His poems are variously populated by literary characters and creators (Keats, Dylan Thomas, Virginia Woolf), children who work as street vendors in Mexico or garbage foragers in Phnom Penh, and Australian suburban dwellers. Subjects include love, sex, parenting and childhood summers, as well as exercises in political and literary ventriloquism, as Kissane imagines himself into lives and worlds very different from his own.
‘The book discovers radiance and human endurance in a world of compromise and betrayal, and celebrates imagination’s wild joy,’ writes John Upton for Cordite.
This is an emotionally charged, technically accomplished collection, rich with compassion and engagement.
Radiance is a perfectly titled collection – these poems shine with the wit and emotional warmth of Andy Kissane’s writing. His power of poetic narrative sets up a fine balance between acuity of detail and action. People, places and events are portrayed with a calm yet unexpected strength of compassion, rich with intertextuality and intimacy.
Kissane is a masterful storyteller, playfully creating a dialogue between the poems and figures such as Virginia Woolf, the poets Keats and Shelley and even the characters of Tolstoy. These are lively and highly accessible poems, unhurried, unfussy and extraordinarily generous. The reader comes away uplifted.

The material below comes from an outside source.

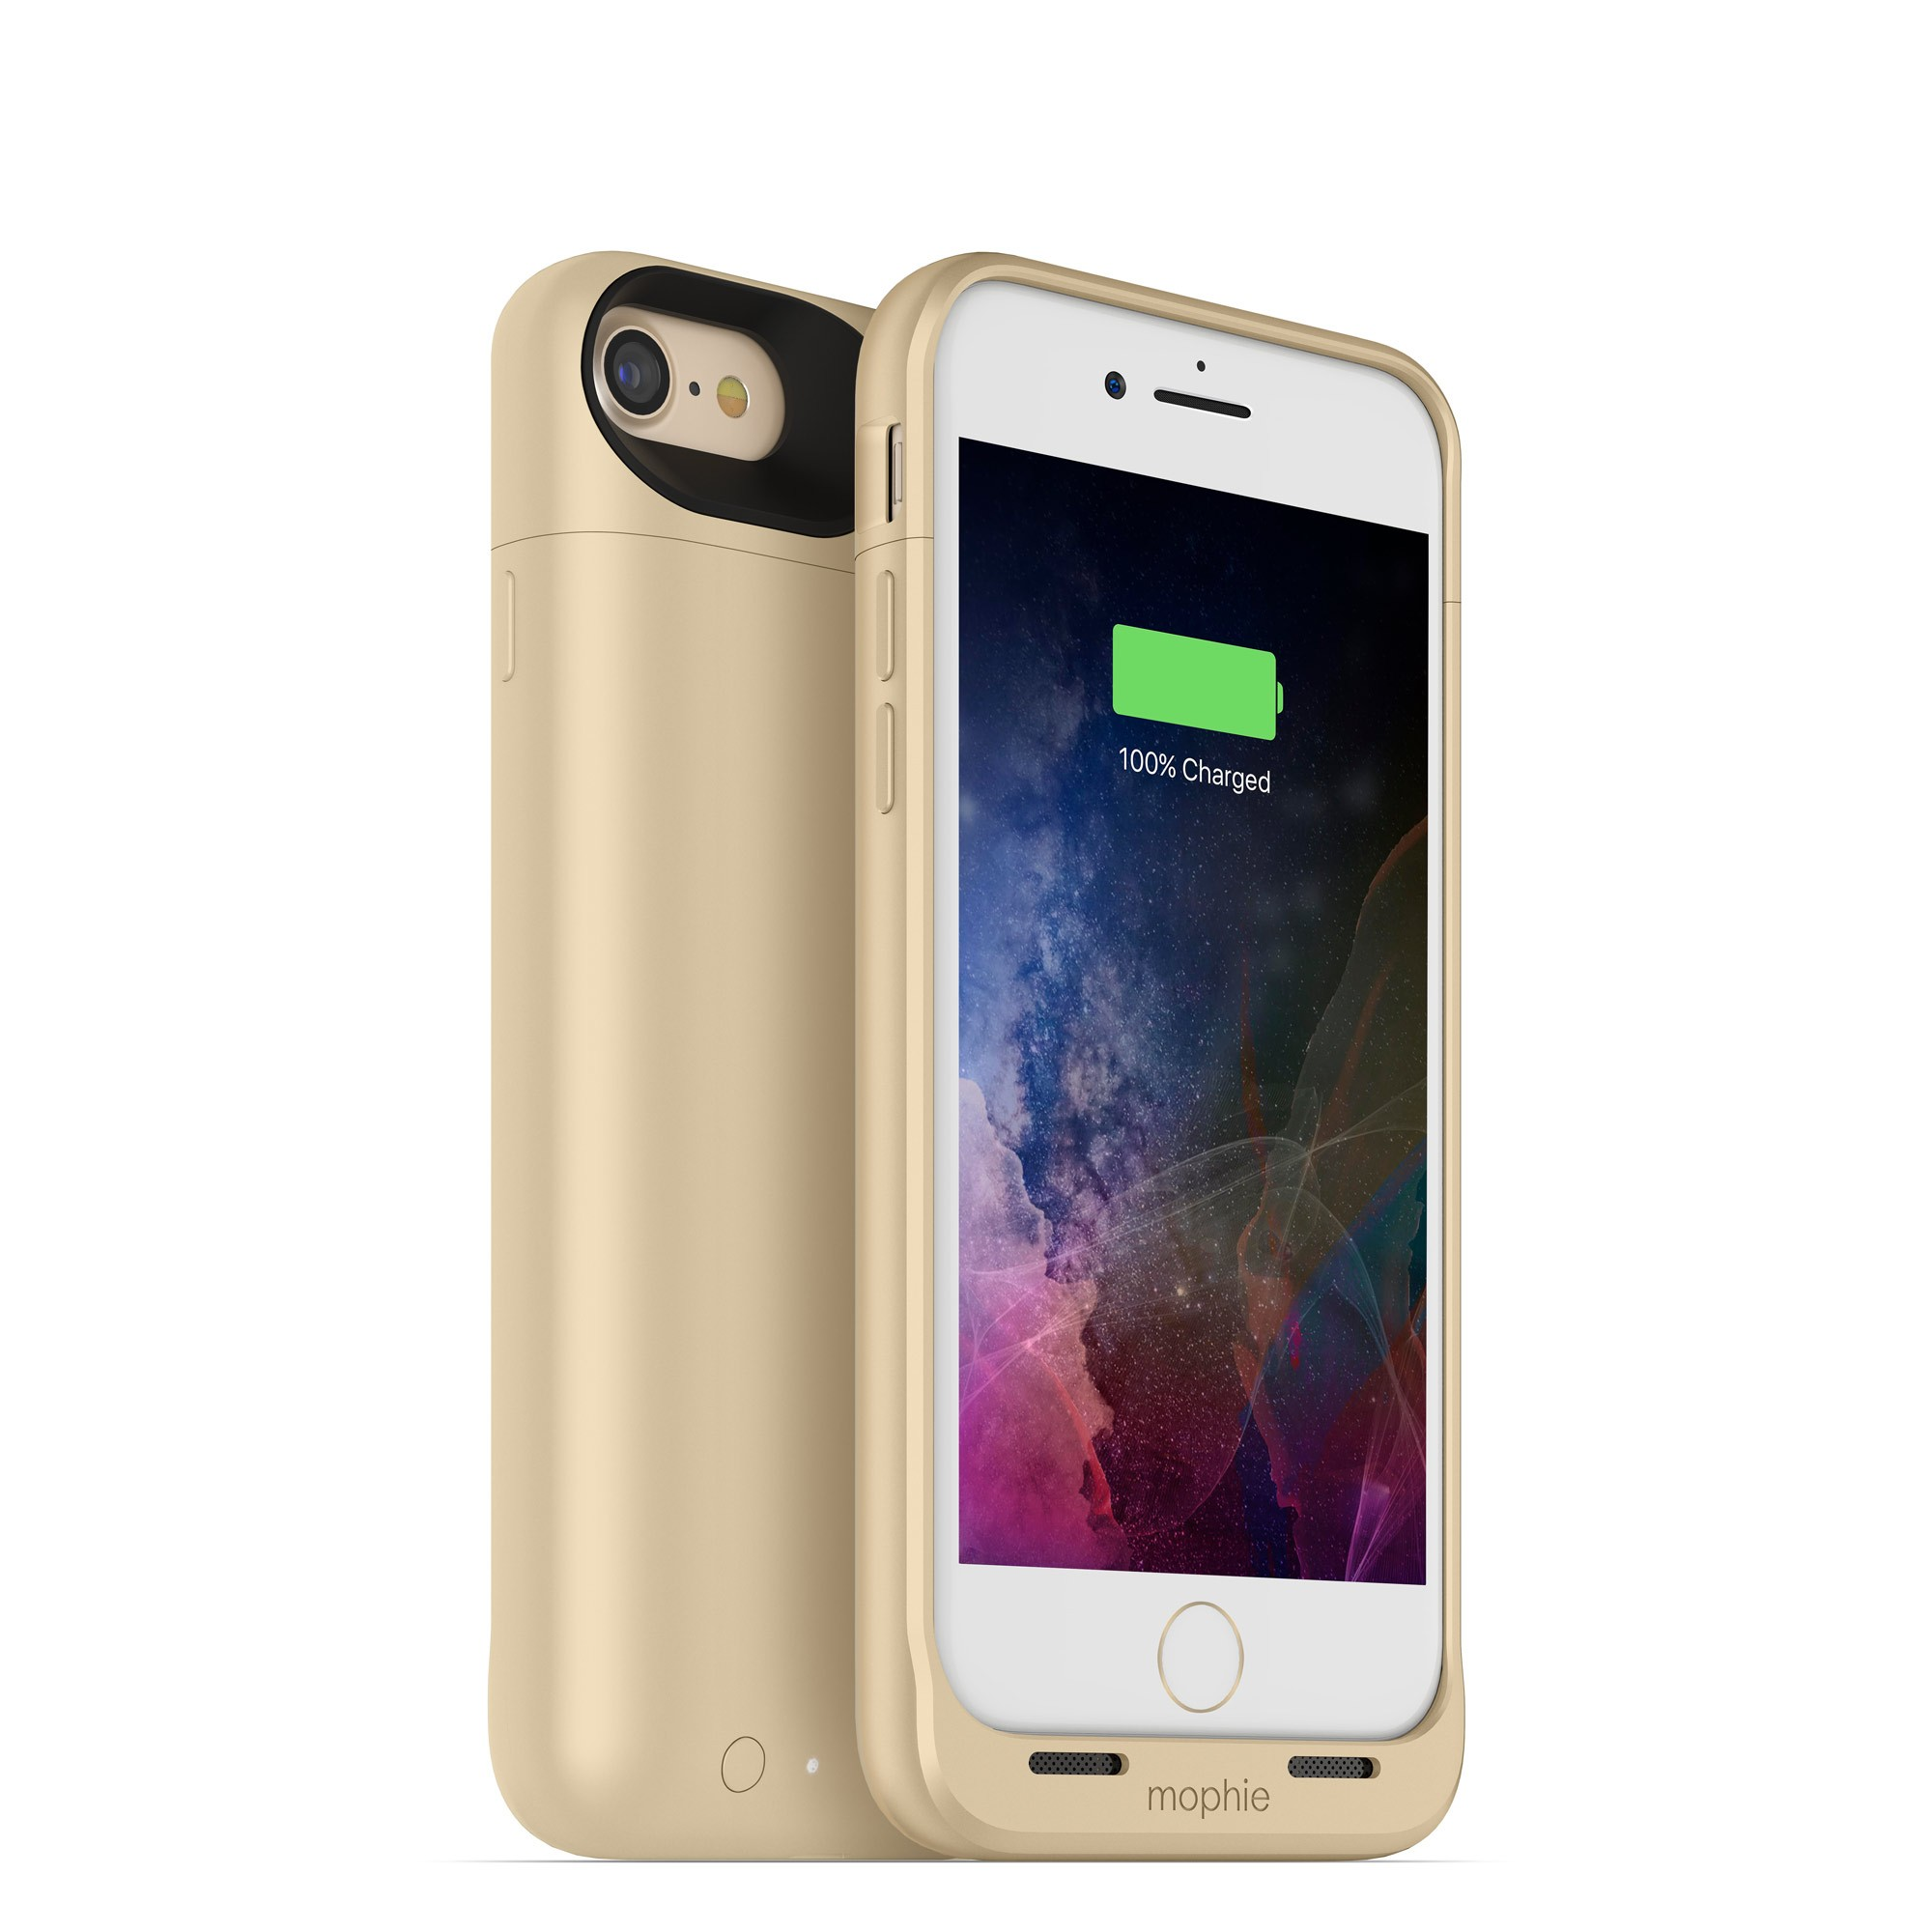 Nabíjecí pouzdro pro Apple iPhone 7 / 8 - Mophie, Juice Pack Air 2525mAh Gold

It’s not easy to peel the grubby yellow skin
from a knuckle of quince and even with a sharp knife
the paring is difficult. I stack the slices
so they crowd together on pallid pastry,
as anaemic as refugees on a forced march.
The names of camps pop unmusically
into my mind: Treblinka, S-21,
Estadio Nacional. What creative impulse
turns an orchard into a concentration camp?
Will you and I finally turn away
from the oven of our own making,
to cook something wholesome and sustaining?
O long sonnet, late volta, in the ceramic dish
the tart is all goodness, yet the pieces of steaming,
flesh-coloured quince look like bodies laid out
one on top of another in a shallow grave.